Conservative Leader Pierre Poilievre wants the federal government to axe the temporary foreign worker program, saying it has flooded the market with cheap labour and made it harder for young Canadians to find work.
“The Liberals have to answer, ‘Why is it that they are shutting our own youth out of jobs and replacing them with low-wage, temporary foreign workers from poor countries who are ultimately being exploited,'” Poilievre said in Mississauga, Ont., on Wednesday.
The Conservatives say that while they want the temporary foreign worker (TFW) program scrapped, they will create a separate, standalone program for legitimately difficult-to-fill agricultural labour.
Canada already has a separate immigration stream for farm workers called the Seasonal Agricultural Worker Program (SAWP) that allows employers to bring in workers from Mexico and other participating Caribbean countries.
Poilievre stressed that he doesn’t blame the temporary foreign workers themselves but the Liberal government and “liberal corporate elites” who he says are exploiting these workers to enrich themselves.
Conservative Leader Pierre Poilievre called on the government to abolish the temporary foreign worker program at a news conference on Wednesday. Poilievre says the program has oversaturated the market with cheap labour, making it challenging for young Canadians to secure employment.

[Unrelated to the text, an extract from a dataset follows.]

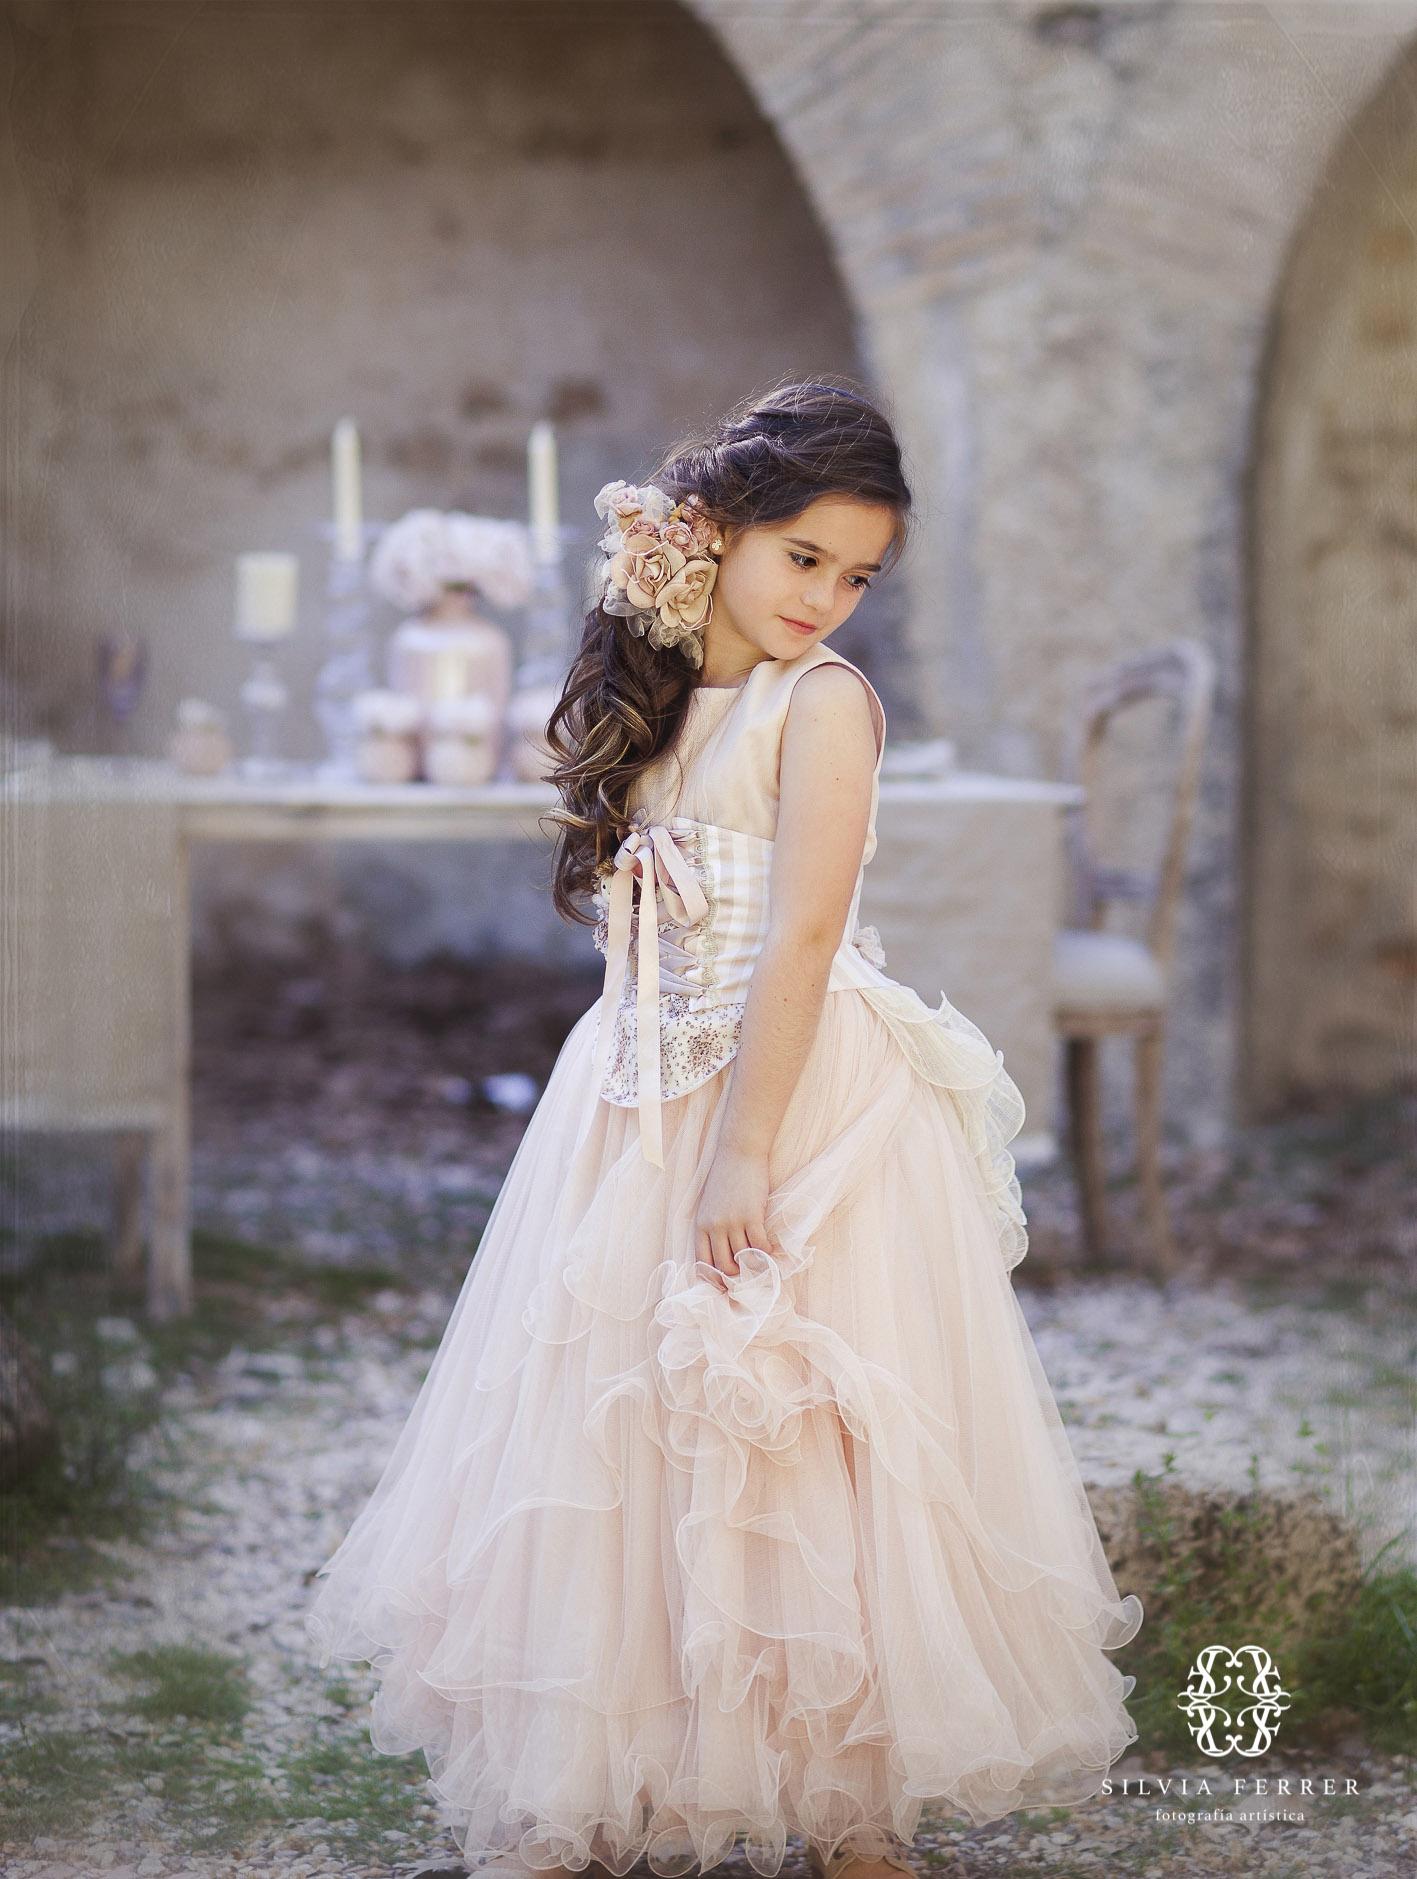 hortensia maeso en Murcia

“Not long ago, young Canadians could gain vital skills in entry-level jobs, earn enough to pay for school and build a future,” said Conservative MP Michelle Rempel Garner in a statement. “In return, employers built a skilled domestic workforce. But the Liberals broke that deal.”

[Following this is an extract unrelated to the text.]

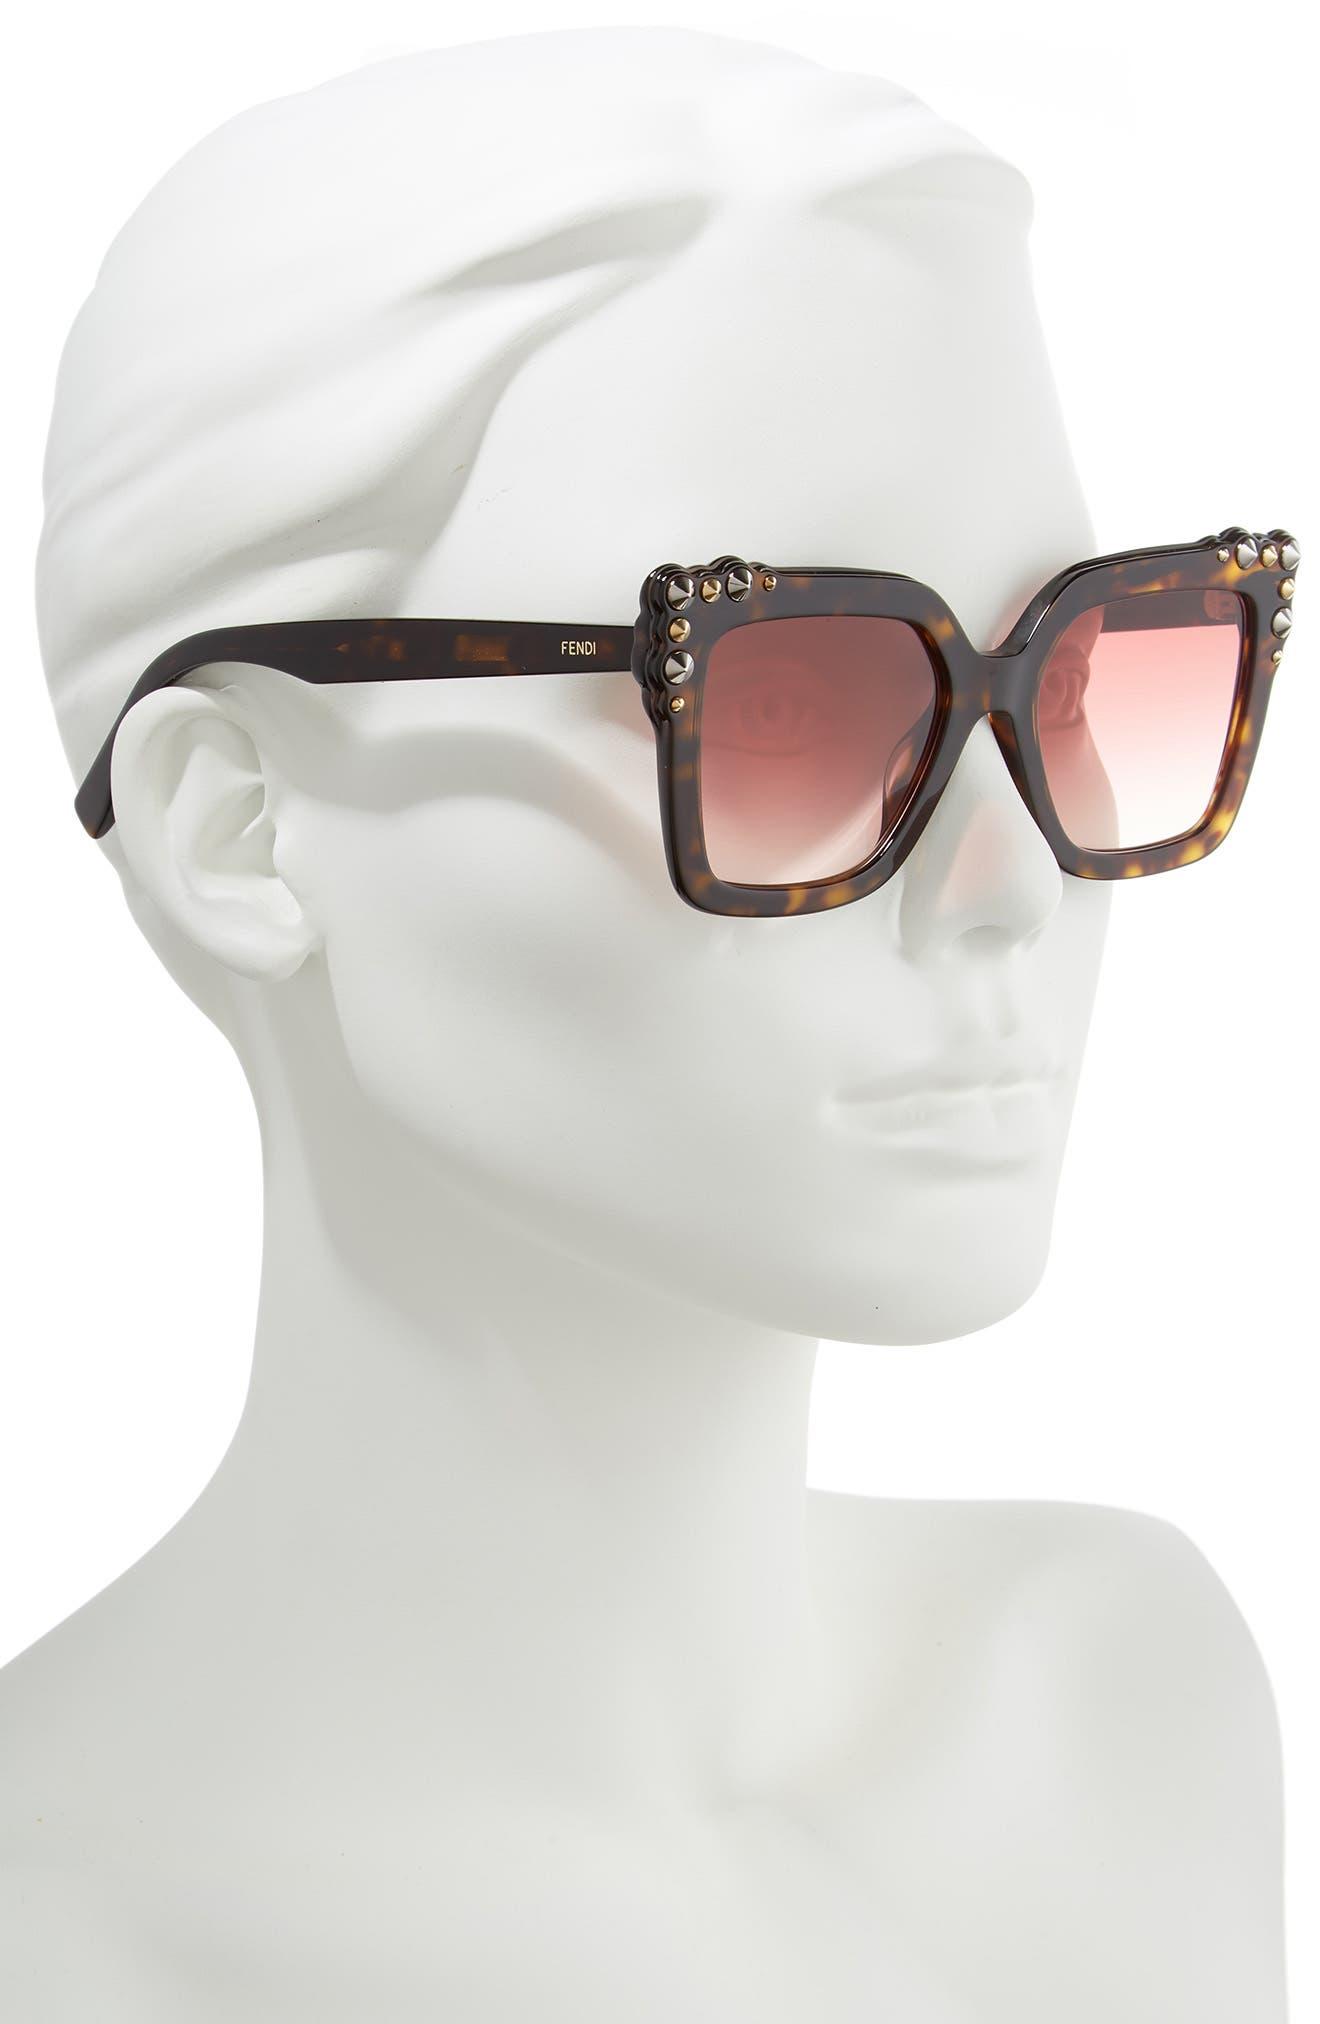 52mm Gradient Cat Eye Sunglasses,                             Alternate thumbnail 2, color,                             DARK HAVANA

Poilievre said that while the Liberals promised a cap of 82,000 TFWs in 2025, the federal government has already handed out 105,000 permits.
“If they do the same number of permits for temporary foreign workers in the next six months that they did in the last, they will break the record again,” Poilievre said.
Permits include extensions
The Liberal government issued a statement saying the Conservative leader’s numbers “include inaccurate or incomplete information.”
Immigration Minister Lena Diab’s office says that between January and June, only 33,722 TFWs entered the country, which represents about 40 per cent of the total number of TFWs expected this year.
The 105,000 permits that have been issued so far this year include permit extensions for people who are already in the country.
“Overall, 125,903 fewer new temporary workers arrived between January and June 2025 compared to January to June 2024,” Diab’s office said.
Speaking in Toronto on Wednesday where he is meeting with his cabinet, Prime Minister Mark Carney said his government is putting policies in place so that immigration as a proportion of the population will decline from seven to five per cent a few years out.
Prime Minister Mark Carney said the temporary foreign worker program has a role, but the government is reviewing it along with the immigration system as a whole. Conservative Leader Pierre Poilievre called for the government to scrap the program on Wednesday.
Carney said that when he speaks to business leaders across the country, their No. 1 issue is tariffs and their second issue is how to get more foreign workers.
“That program has a role, it has to be focused in terms of its role,” Carney said. “It’s part of what we will be discussing — how well the temporary foreign worker program is working and how our overall immigration system is working.”
Dan Kelly, president and CEO of the Canadian Federation for Independent Business (CFIB) told CBC News that he supports both the measures the Liberal government took to open up spaces for TFWs during the pandemic and the tightening that happened since then.
“But to suggest that the program itself be permanently scrapped, is just ridiculous,” he said.
“The Conservatives know better.… If you’re trying to hire [someone] in rural Saskatchewan to come to work in your quick service restaurant, it’s unlikely that the unemployed kid from Toronto is going to move cross country.”
On Wednesday, Conservative Leader Pierre Poilievre said the temporary foreign worker program should be ended, as it was driving down wages and not leading to younger Canadians getting jobs. Raul Gatica, who sits on the board of advocacy organization Dignidad Migrante Society, said the proposal was not constructive and sought to make a political point off the backs of vulnerable workers. He argued that an end to the program would lead to more migrants staying in Canada without documents.
Population growth stalling: StatsCan
In June, Statistics Canada reported that the country’s population growth stalled in the first three months of the year, making it the sixth consecutive quarter of slower population growth.
StatsCan said part of that decline can be attributed to decisions taken by the federal government in 2024 to “lower the levels of both temporary and permanent immigration.”
The slow growth in the first quarter of the year represents the “second-slowest quarterly growth rate in Canada since comparable records began” in the first quarter of 1946.
Immigration accounted for all of the population growth in the quarter because there were 5,628 more deaths than births in Canada.
Statistics Canada said that from Jan. 1 to April 1, the Canadian population rose by 20,107 people, the smallest increase since the third quarter of 2020 — early in the COVID-19 pandemic — when it contracted by 1,232 people. StatsCan says Canada now has a population of 41,548,787 people.